An Algonquin community 300 kilometres upstream of Shawville on the Ottawa River pulled off a precedent-setting win in federal court last week.

As reported in our front page story, Kebaowek First Nation succeeded at convincing a judge that Canada’s nuclear safety regulator was wrong to have granted Canadian Nuclear Laboratories (CNL) permission to bury one million cubic metres of supposedly low-level nuclear waste in a mound on unceded Algonquin territory, one kilometre from the Ottawa River, at the Chalk River nuclear research station.

Kebaowek’s win wasn’t on environmental grounds – the judge concluded the regulator rightfully assessed environmental impacts of the project to be negligible – but on the grounds that neither the regulator nor CNL had done enough to consult the First Nation, to understand and accommodate its concerns.

The First Nation has been building resistance to the proposed waste dump for nearly a decade, rallying support from allies up and down the river, spending days testifying in commission licensing hearings, and doing its own environmental impact assessment to determine for itself how the waste facility might affect important species on the site.

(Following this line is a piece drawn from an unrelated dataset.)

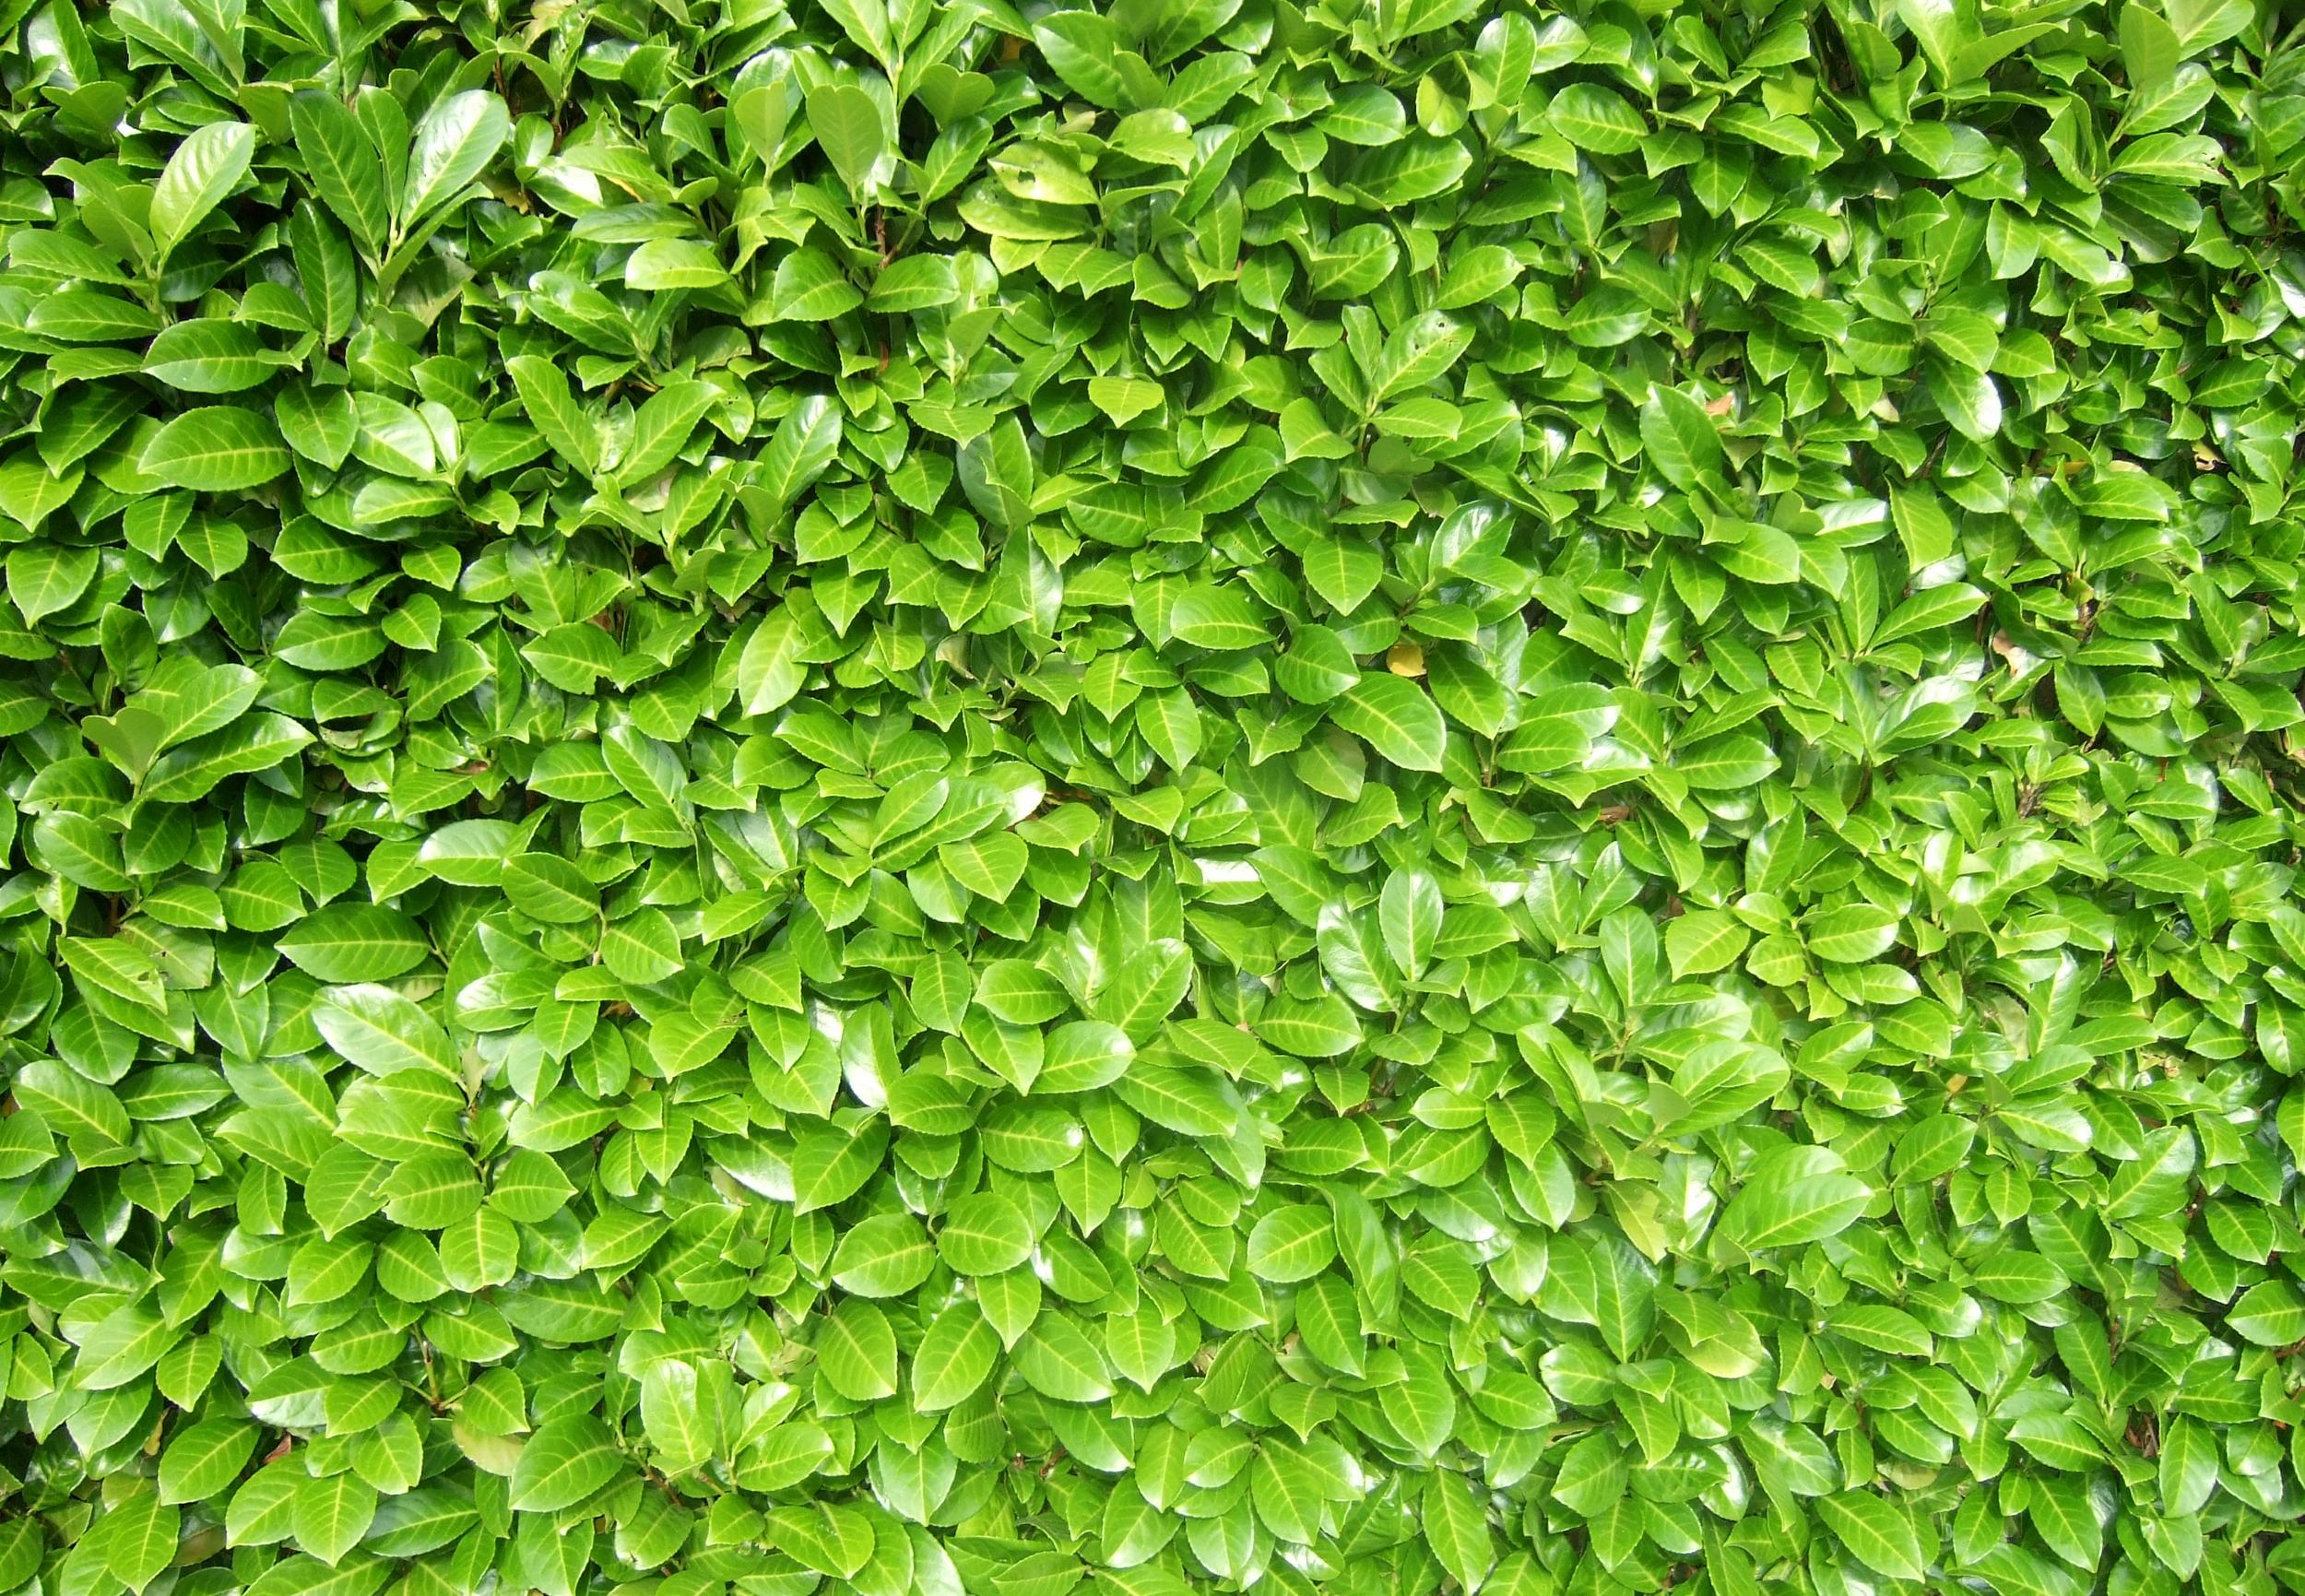 Green Hedge Image

Once the facility was approved last January, a decision most would take as final, Kebaowek filed court challenges, making the case, over and over again, that the proposed nuclear waste mound would harm the environment, and that those pushing it through had not done enough to engage in meaningful consultation, as they are legally obligated to do.

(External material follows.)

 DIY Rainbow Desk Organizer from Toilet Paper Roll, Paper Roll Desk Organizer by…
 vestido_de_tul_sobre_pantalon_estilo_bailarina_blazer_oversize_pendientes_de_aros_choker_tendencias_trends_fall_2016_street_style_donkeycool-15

All of this an attempt to make its voice heard, when the odds were stacked against this happening. In a phone call on Friday, Kebaowek’s Chief Lance Haymond admitted as much.

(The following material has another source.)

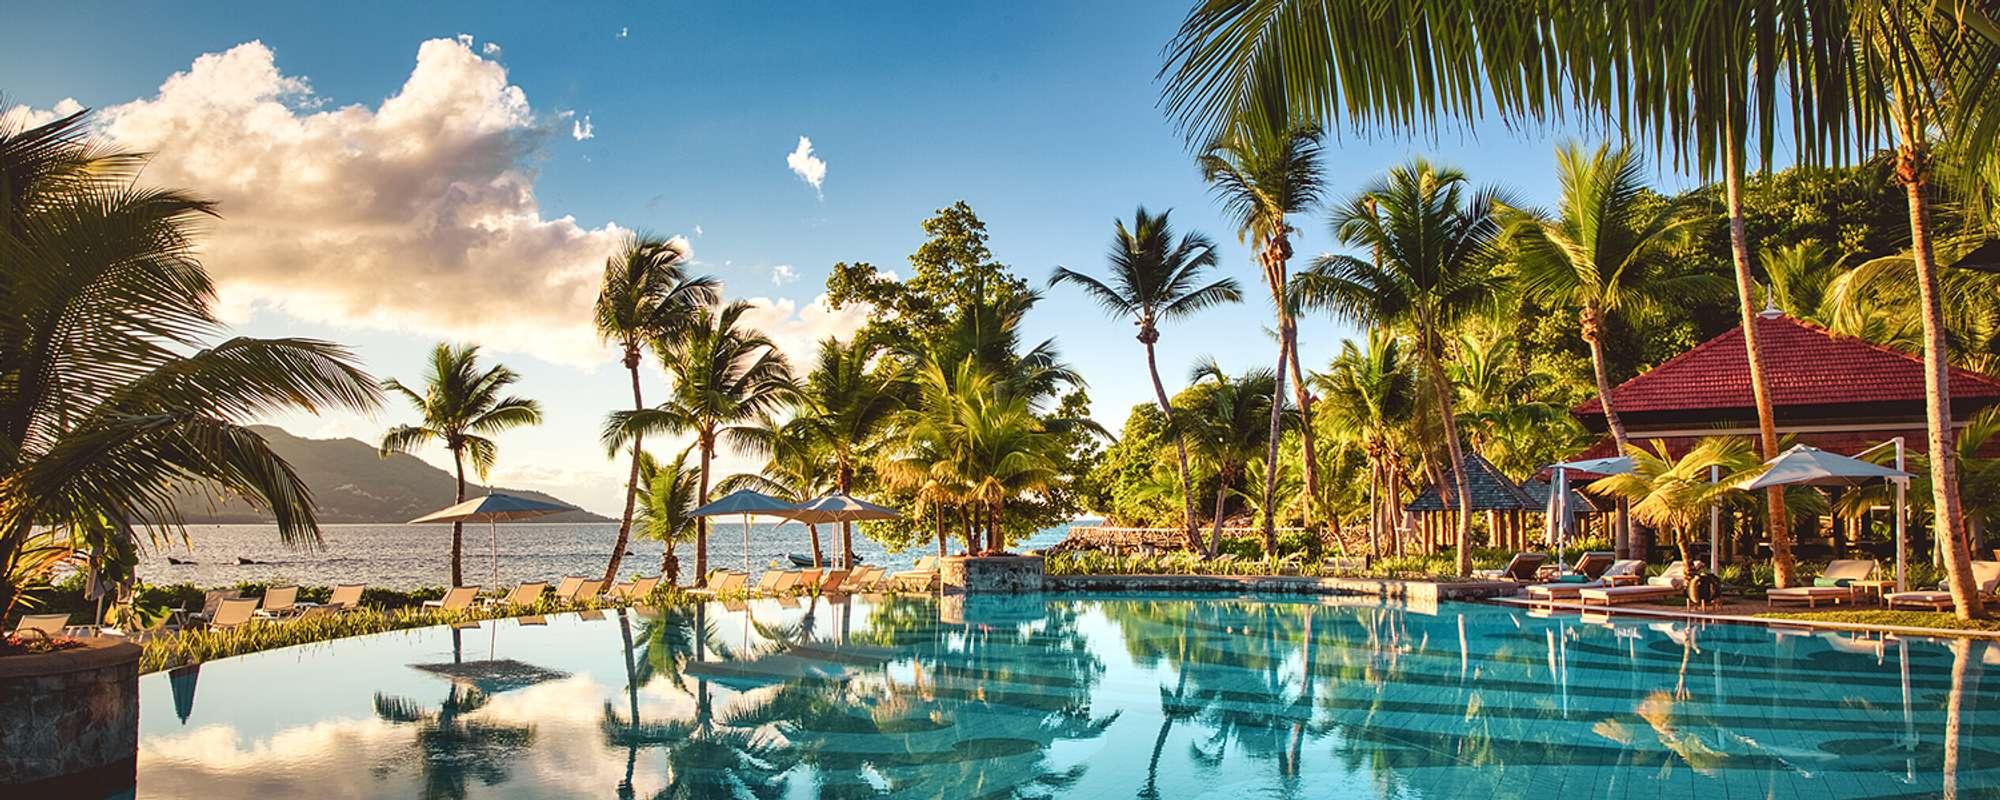 New resort in Seychelles

“I think we knew it was a crapshoot,” he said of Kebaowek’s decision to file for judicial review last winter. “We were realistic in the fact that we were going into a colonial court system not necessarily designed to move beyond the straight black and white of the law.”

The legal duty to consult is in a grey zone in Canada right now. Canada enshrined the United Nations Declaration on the Rights of Indigenous People (UNDRIP) in law four years ago. This declaration offers very clear directives around how and when Indigenous communities need to be consulted about projects happening on their land. When it comes to the disposal of hazardous materials on the lands or territories of Indigenous peoples, it says, free, prior, and informed consent must be obtained.

The challenge is, the government is taking its time to set out regulations that determine how exactly the declaration should be interpreted by Canadian lawmakers. And this is the loophole the nuclear regulator used to weasel out of having to conduct consultation, as defined by UNDRIP, claiming it was not empowered to interpret the declaration before official regulations were provided.

But the judge didn’t buy it. Her decision ordered CNL and the regulator to go back to Kebaowek for further consultations, this time in a way that aligns with UNDRIP, that promotes reconciliation, and incorporates Kebaowek’s laws, knowledge, and practices into the consultation process.

When the nuclear regulator and the proponent tried to shake accountability in relation to the people on whose land they were hoping to build a nuclear waste dump by evading the responsibility of interpreting and applying Canadian law, Federal Court Justice Julie Blackhawk’s decision put that responsibility squarely back in their lap.

Regardless of what happens next, Justice Blackhawk’s decision to uphold UNDRIP as legally binding before the bureaucrats have figured out exactly what that means is precedent-setting. It shows other courts that Canada’s adoption of UNDRIP, designed to protect the rights of Indigenous people, is more than just a symbolic gesture.

But beyond this, her decision is a reminder that we, as thinking, feeling human beings, are all personally accountable to the people with whom we share a community. Evading this accountability by hiding behind regulations or standards of practice we claim we cannot change is weak. So thank you to those who are thinking critically about how the world works and advocating for changes to the status quo, even when bringing about change might seem to be a crapshoot.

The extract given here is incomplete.